----- GIVEN MATERIAL -----

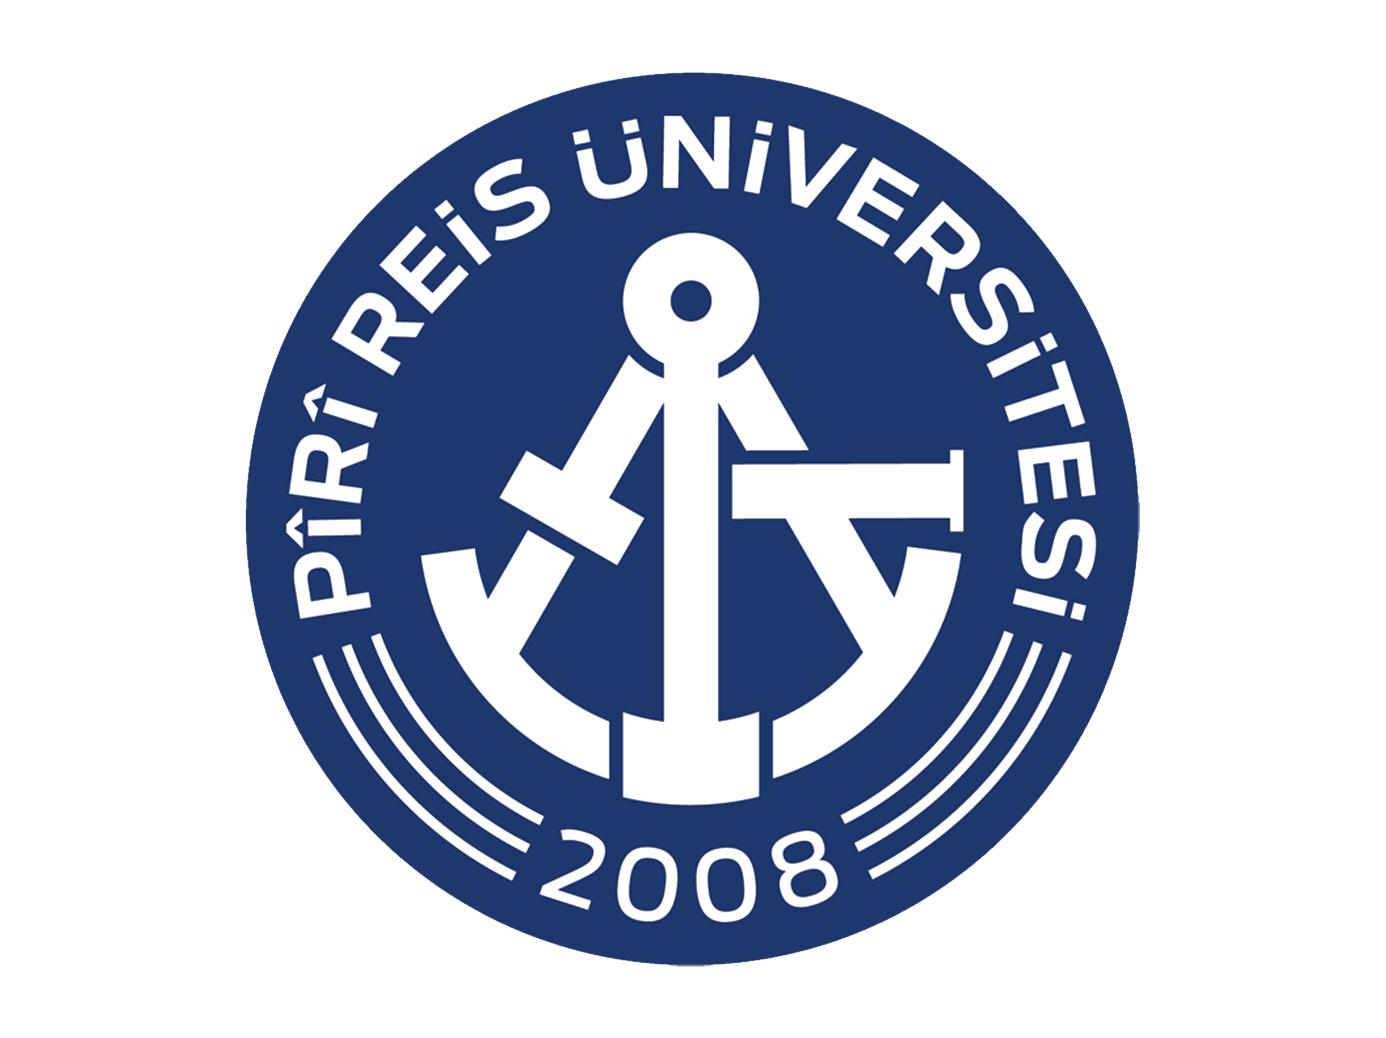 TUAS | PIRI REIS UNIVERSITY
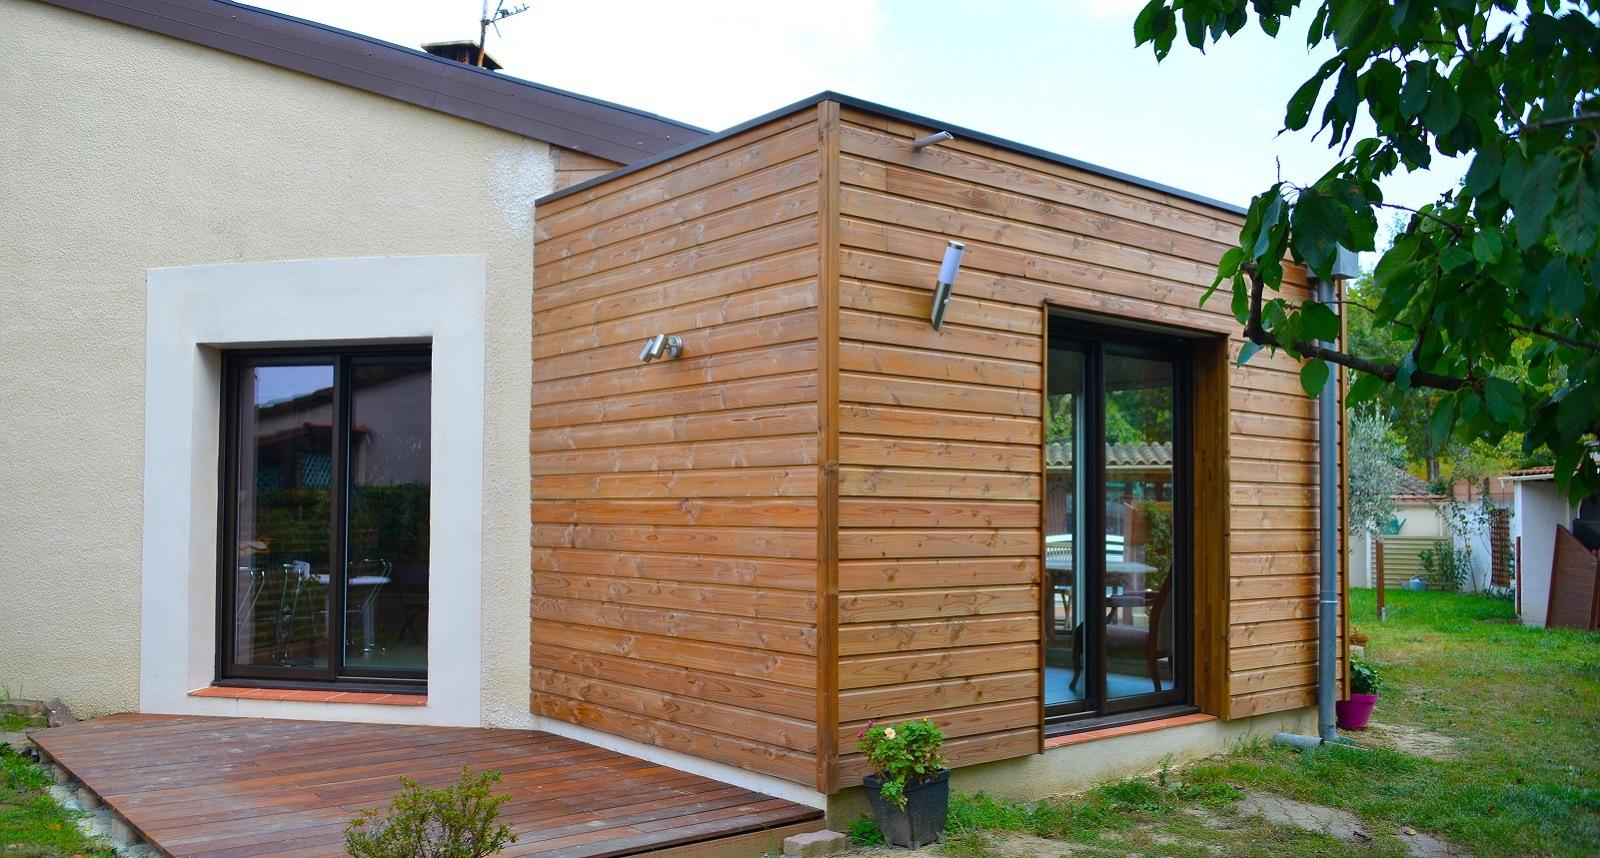 Le Prix Extension Bois 15m2 Agrandir Ma Maison
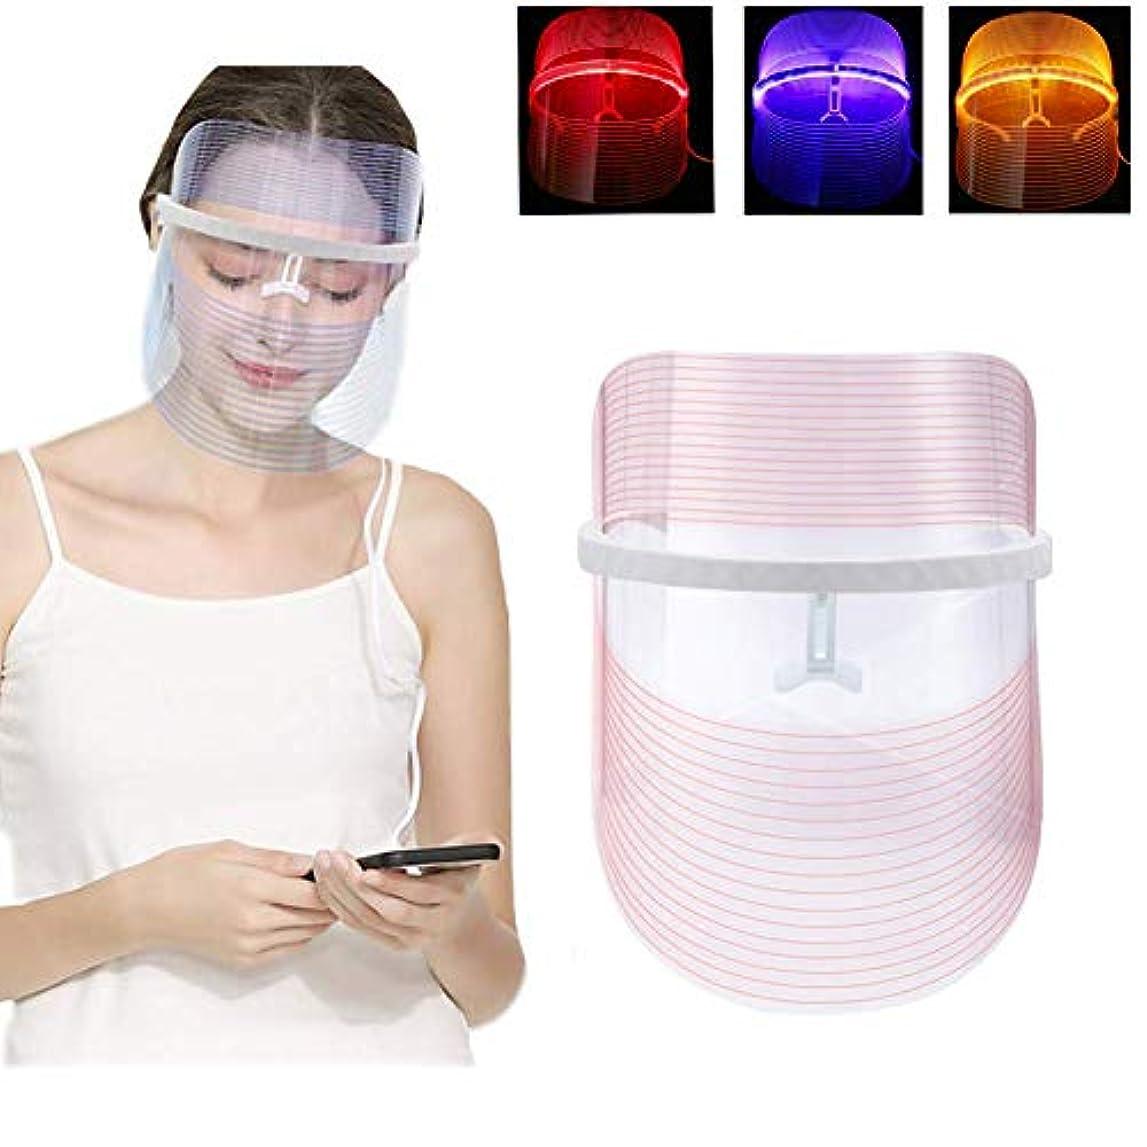 めるすごい大砲3色LEDライト療法のフェイスマスクの美の器械の顔の鉱泉の処置装置の反アクネのしわの取り外し
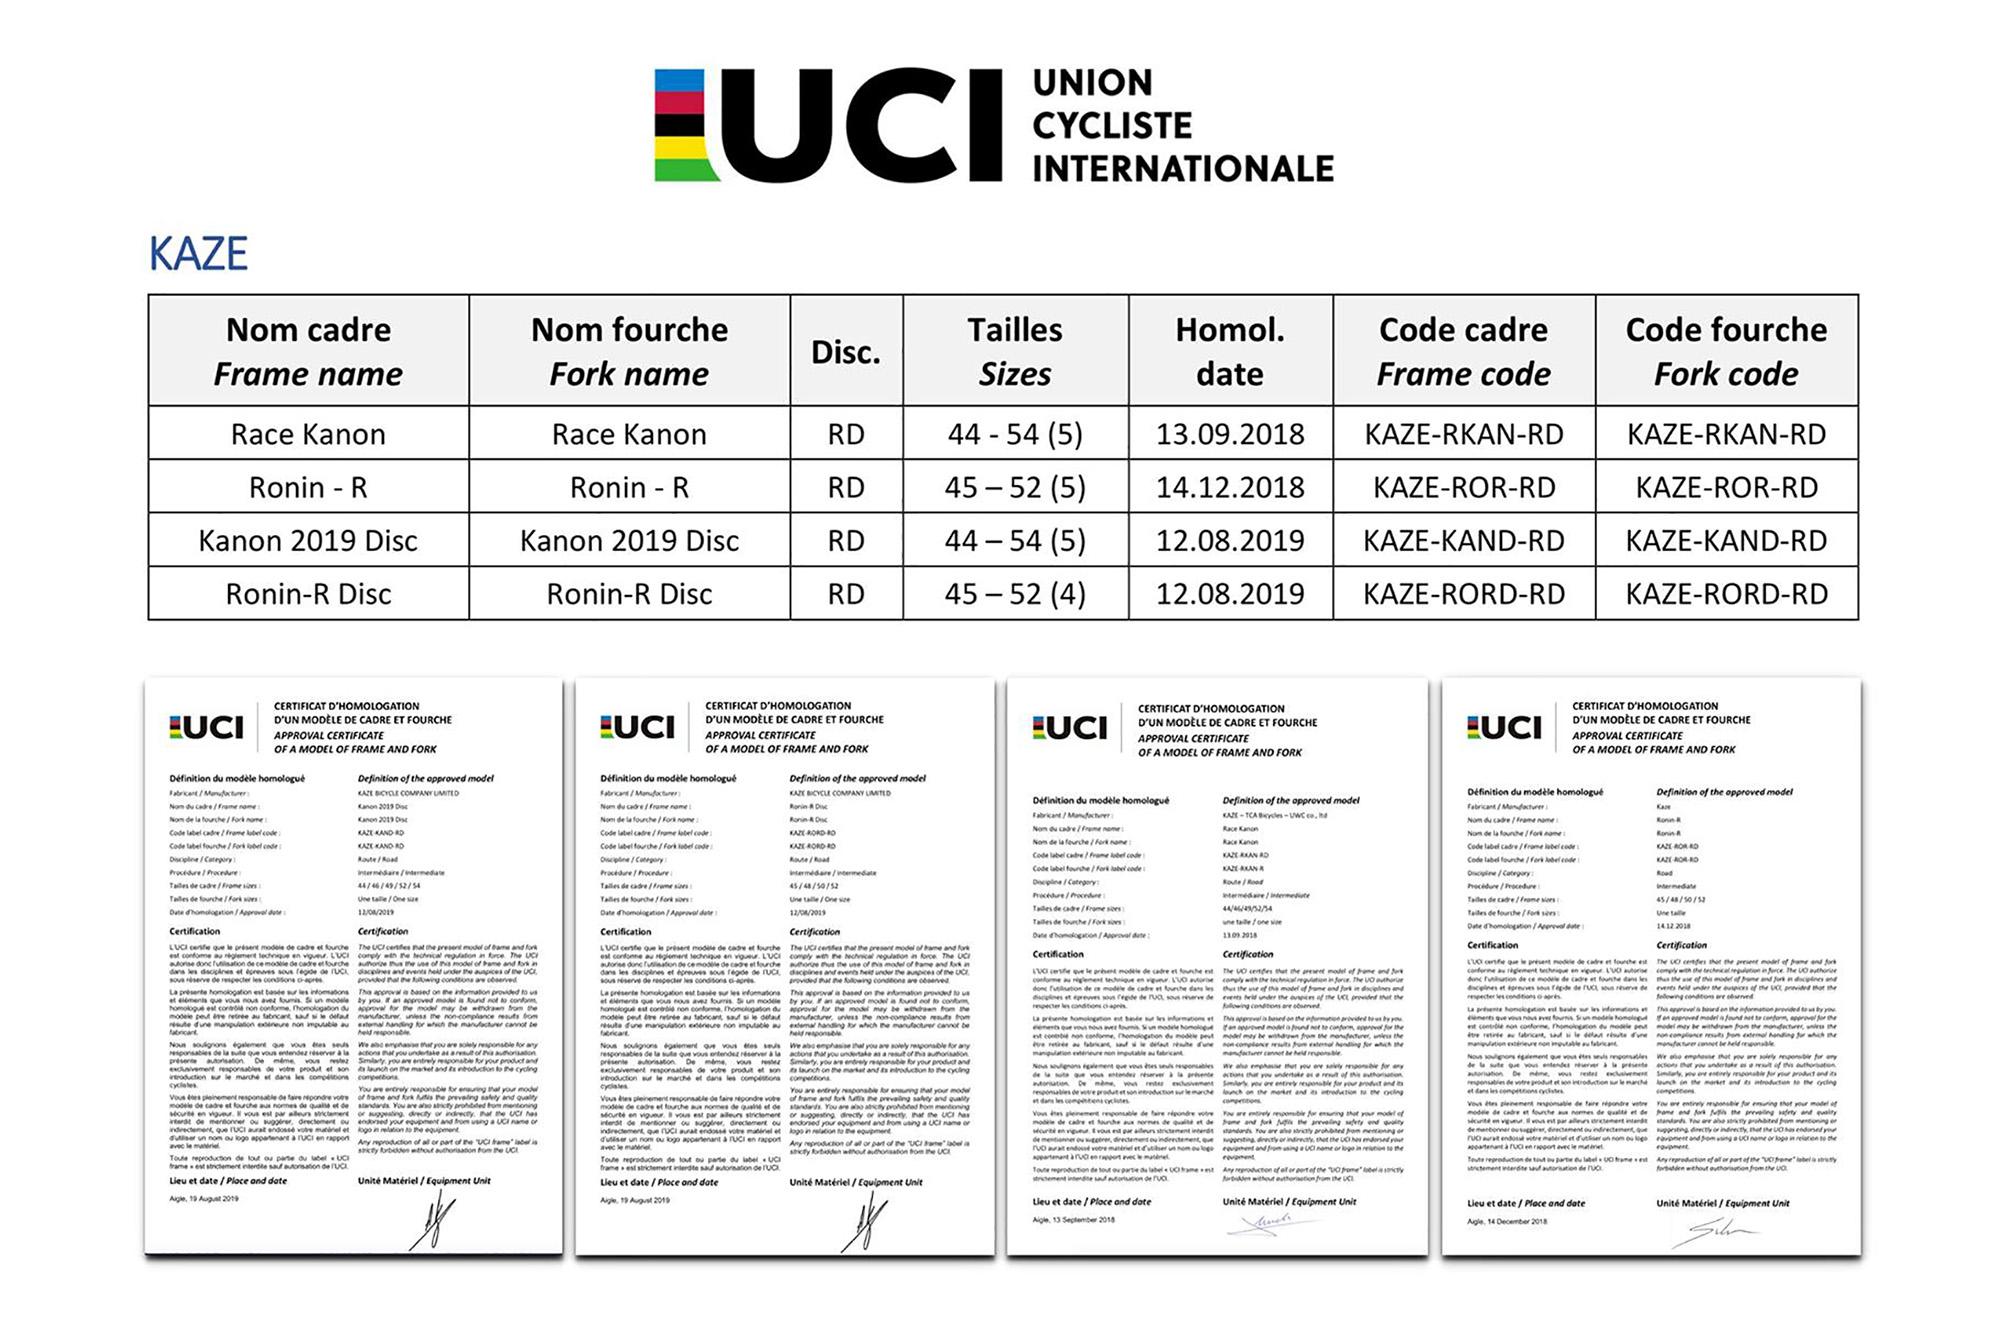 KAZE RACE ได้มาตรฐาน ของสหพันธ์จักรยานนานาชาติ หรือ UCI

-----

*EXERCISE GOAL:*
All of the lines above must be printed again exactly, and no picture may appear in the copy.

*THE COMPLETED TASK:*
 TUAS | PIRI REIS UNIVERSITY
 Le Prix Extension Bois 15m2 Agrandir Ma Maison
 めるすごい大砲3色LEDライト療法のフェイスマスクの美の器械の顔の鉱泉の処置装置の反アクネのしわの取り外し
 KAZE RACE ได้มาตรฐาน ของสหพันธ์จักรยานนานาชาติ หรือ UCI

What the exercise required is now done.